| SUPPLIED ENTRIES |
• • • • • • •

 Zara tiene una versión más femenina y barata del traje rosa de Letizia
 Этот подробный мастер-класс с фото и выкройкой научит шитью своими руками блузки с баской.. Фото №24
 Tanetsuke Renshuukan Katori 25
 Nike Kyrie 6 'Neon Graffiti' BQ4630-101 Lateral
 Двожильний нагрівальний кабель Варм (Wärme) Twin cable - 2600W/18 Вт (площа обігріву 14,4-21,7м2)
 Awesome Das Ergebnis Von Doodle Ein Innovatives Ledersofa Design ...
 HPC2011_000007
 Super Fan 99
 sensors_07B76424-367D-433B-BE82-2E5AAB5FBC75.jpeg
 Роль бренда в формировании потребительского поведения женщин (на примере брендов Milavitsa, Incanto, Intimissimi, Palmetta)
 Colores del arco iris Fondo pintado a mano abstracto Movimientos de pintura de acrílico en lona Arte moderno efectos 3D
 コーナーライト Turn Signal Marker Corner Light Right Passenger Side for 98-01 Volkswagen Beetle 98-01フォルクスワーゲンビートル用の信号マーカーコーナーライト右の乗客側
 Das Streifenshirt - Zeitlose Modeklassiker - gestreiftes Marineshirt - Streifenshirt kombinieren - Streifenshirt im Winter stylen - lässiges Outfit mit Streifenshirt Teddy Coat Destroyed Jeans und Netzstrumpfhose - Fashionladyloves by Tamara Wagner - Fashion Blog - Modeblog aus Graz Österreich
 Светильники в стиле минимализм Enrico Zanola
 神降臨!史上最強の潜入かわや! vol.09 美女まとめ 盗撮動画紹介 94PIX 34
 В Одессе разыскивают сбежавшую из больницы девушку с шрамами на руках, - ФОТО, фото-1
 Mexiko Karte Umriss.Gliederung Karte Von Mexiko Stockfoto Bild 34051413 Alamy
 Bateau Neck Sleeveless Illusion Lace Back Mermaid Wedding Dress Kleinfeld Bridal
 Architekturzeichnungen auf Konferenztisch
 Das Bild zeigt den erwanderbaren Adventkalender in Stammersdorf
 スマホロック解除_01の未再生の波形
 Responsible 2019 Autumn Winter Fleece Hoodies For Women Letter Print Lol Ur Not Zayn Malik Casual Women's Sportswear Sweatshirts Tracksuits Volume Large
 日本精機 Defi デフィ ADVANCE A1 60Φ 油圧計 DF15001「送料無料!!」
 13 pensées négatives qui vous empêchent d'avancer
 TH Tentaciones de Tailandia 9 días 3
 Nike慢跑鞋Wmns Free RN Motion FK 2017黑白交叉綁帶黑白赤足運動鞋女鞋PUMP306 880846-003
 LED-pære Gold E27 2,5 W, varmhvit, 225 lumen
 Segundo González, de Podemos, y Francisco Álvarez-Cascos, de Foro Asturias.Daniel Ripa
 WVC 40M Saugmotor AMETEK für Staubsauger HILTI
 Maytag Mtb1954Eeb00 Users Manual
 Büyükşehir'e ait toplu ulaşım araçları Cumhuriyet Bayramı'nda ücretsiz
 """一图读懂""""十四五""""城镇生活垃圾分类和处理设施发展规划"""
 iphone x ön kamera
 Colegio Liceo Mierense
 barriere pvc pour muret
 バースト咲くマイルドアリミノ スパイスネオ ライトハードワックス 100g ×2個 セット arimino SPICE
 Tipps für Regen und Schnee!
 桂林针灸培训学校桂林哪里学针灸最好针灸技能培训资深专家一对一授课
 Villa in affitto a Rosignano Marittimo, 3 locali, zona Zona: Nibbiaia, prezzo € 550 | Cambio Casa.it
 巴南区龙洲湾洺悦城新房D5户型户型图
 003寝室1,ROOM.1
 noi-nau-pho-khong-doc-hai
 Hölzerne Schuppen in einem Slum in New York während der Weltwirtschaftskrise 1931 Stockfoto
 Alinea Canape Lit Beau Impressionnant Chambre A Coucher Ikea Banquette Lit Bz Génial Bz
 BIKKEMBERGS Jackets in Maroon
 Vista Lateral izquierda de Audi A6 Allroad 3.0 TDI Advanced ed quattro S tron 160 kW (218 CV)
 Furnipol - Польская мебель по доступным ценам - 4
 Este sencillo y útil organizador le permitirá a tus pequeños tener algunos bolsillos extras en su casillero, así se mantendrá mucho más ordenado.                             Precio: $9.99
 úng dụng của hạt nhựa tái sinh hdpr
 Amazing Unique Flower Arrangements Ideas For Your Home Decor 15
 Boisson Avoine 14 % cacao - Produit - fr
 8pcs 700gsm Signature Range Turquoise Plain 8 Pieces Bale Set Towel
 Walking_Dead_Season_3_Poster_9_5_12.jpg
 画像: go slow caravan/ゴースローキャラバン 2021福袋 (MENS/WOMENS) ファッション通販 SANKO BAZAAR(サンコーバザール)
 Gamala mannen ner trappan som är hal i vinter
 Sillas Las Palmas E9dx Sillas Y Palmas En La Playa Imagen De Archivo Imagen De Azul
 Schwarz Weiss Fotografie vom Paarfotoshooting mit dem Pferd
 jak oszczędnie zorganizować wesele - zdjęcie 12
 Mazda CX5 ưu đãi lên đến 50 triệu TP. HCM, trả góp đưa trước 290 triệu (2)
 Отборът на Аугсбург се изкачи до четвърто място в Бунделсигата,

• • • • • • •

| WORK ITEM |
An exact copy of the lines above, from the one containing "TH Tentaciones de Tailandia 9 días 3" down to the one containing "BIKKEMBERGS Jackets in Maroon" and including both, is the whole answer; retype it and nothing else.

| RESPONSE TO THIS TASK |
 TH Tentaciones de Tailandia 9 días 3
 Nike慢跑鞋Wmns Free RN Motion FK 2017黑白交叉綁帶黑白赤足運動鞋女鞋PUMP306 880846-003
 LED-pære Gold E27 2,5 W, varmhvit, 225 lumen
 Segundo González, de Podemos, y Francisco Álvarez-Cascos, de Foro Asturias.Daniel Ripa
 WVC 40M Saugmotor AMETEK für Staubsauger HILTI
 Maytag Mtb1954Eeb00 Users Manual
 Büyükşehir'e ait toplu ulaşım araçları Cumhuriyet Bayramı'nda ücretsiz
 """一图读懂""""十四五""""城镇生活垃圾分类和处理设施发展规划"""
 iphone x ön kamera
 Colegio Liceo Mierense
 barriere pvc pour muret
 バースト咲くマイルドアリミノ スパイスネオ ライトハードワックス 100g ×2個 セット arimino SPICE
 Tipps für Regen und Schnee!
 桂林针灸培训学校桂林哪里学针灸最好针灸技能培训资深专家一对一授课
 Villa in affitto a Rosignano Marittimo, 3 locali, zona Zona: Nibbiaia, prezzo € 550 | Cambio Casa.it
 巴南区龙洲湾洺悦城新房D5户型户型图
 003寝室1,ROOM.1
 noi-nau-pho-khong-doc-hai
 Hölzerne Schuppen in einem Slum in New York während der Weltwirtschaftskrise 1931 Stockfoto
 Alinea Canape Lit Beau Impressionnant Chambre A Coucher Ikea Banquette Lit Bz Génial Bz
 BIKKEMBERGS Jackets in Maroon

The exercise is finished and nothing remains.